WOKJ was an American radio station in Jackson, Mississippi. The station operated at 1550 kHz, and with a daytime output power of 50,000 watts during the day, and 10,000 watts at night, with changing directional antenna patterns, from 1965 until it was silenced in 1990.

==History==
John M. McLendon's Radio Mississippi received a construction permit from the Federal Communications Commission (FCC) for a new AM radio station in Jackson on May 3, 1961. Originally assigned the call letters WMOE, the station became WJAQ and then WOKJ in January 1965. The call letter move was significant, as McLendon had previously owned WOKJ (1590 AM), which was the first Black-oriented radio station in the state of Mississippi when it began in 1954. That station became WWUN when McLendon sold it to start WOKJ on 1550. The new WOKJ debuted April 7, 1965. Both on 1590 and 1550, it was a public service stalwart, holding community events, broadcasting Jackson State Tigers football games and reporting on the civil rights movement.

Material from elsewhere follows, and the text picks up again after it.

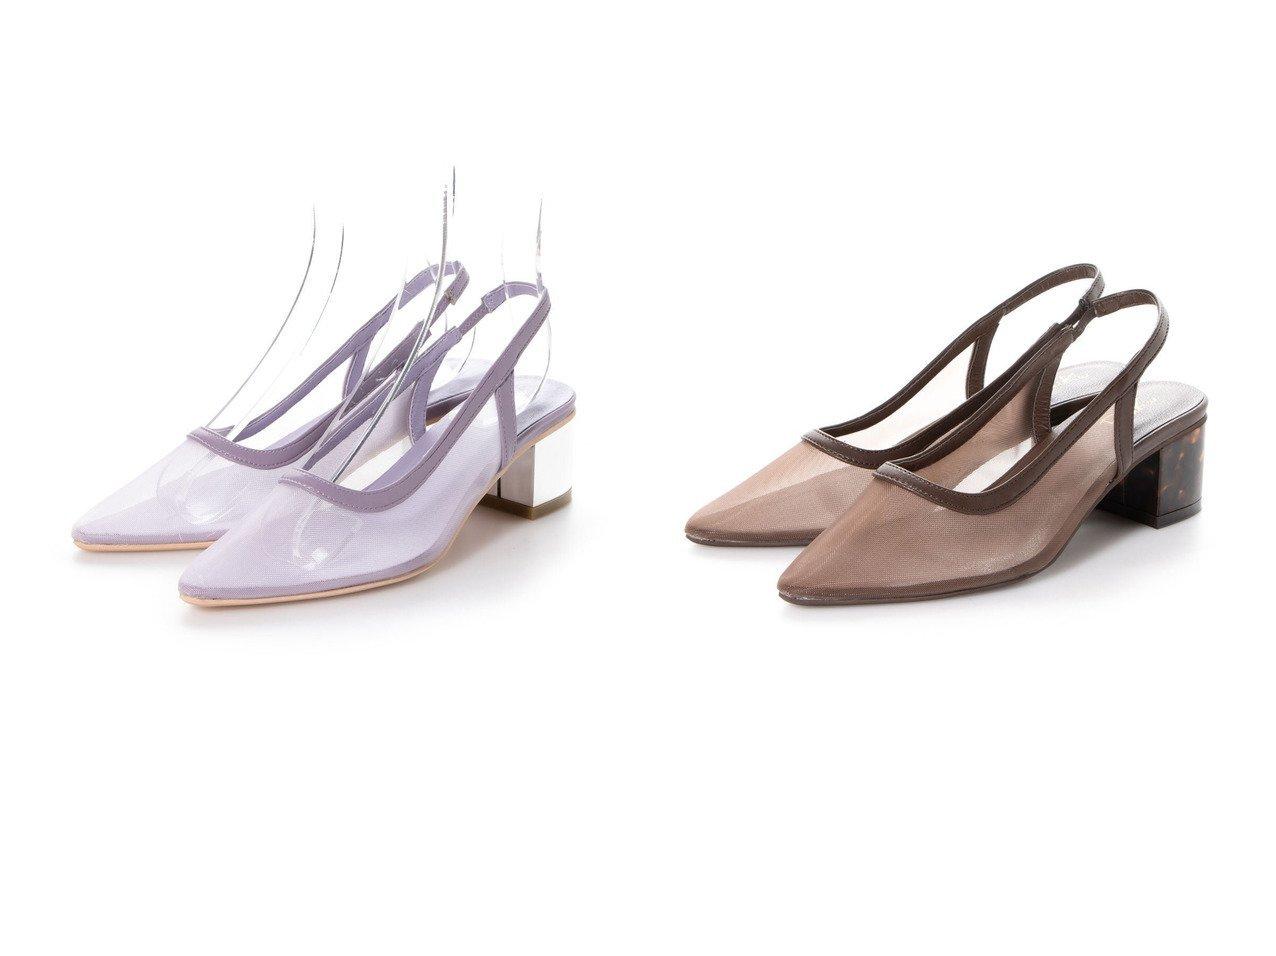 【RiiiKa/リーカ】のバックバンドチュールサンダル シューズ・靴のおすすめ!人気、トレンド・レディースファッションの通販 おすすめで人気の流行・トレンド、ファッションの通販商品 メンズファッション・キッズファッション・インテリア・家具・レディースファッション・服の通販 founy(ファニー) https://founy.com/ ファッション Fashion レディースファッション WOMEN バッグ Bag 2021年 2021 2021 春夏 S/S SS Spring/Summer 2021 S/S 春夏 SS Spring/Summer 春 Spring |ID:crp329100000022564

The station was sold to Tri-Cities Broadcasting Corporation in 1971. Tri-Cities, headed by E. O. Roden, acquired WJMI (99.7 FM) from the Rebel Broadcasting Corporation in 1973. The move came after a yearlong fight at the FCC and saw the FM station change from easy listening to a format that, like WOKJ, targeted the Black community in Jackson. WOKJ aired music and information programming, including the weekday call-in program "Open Line" and other public affairs features.

In late 1986, Tri-Cities sold its AM and FM stations in Jackson and in Gulfport, Mississippi, as well as Pensacola, Florida, to Holt Communications Corporation in a $9.5 million transaction. Two years later, Holt acquired WOAD (1400 AM), the market's heritage gospel station, from John Pembroke. WOKJ, by then struggling against WJMI and WKXI (1300 AM), was then sold to David R. Price, of Washington, Louisiana; the station was silent from August 1 to late November, when it returned with a country music format. Studios and offices were then moved to WOKJ's transmitter facilities on Tower Road in the Jackson suburb of Bolton.

The initial country format was jettisoned for album-oriented rock in July 1989, due to lack of interest; several air personalities from the former WCKO, which had just made a flip in the opposite direction to country, moved to WOKJ.

By July 1990, however, WOKJ had gone silent for good. In May 1991, the FCC issued a show-cause order to Price, alleging that in addition to taking the station off air without FCC approval, he had failed to light the six 388 ft towers at Bolton. The FCC revoked the license and assessed an $8,000 fine against Price for the lighting issue.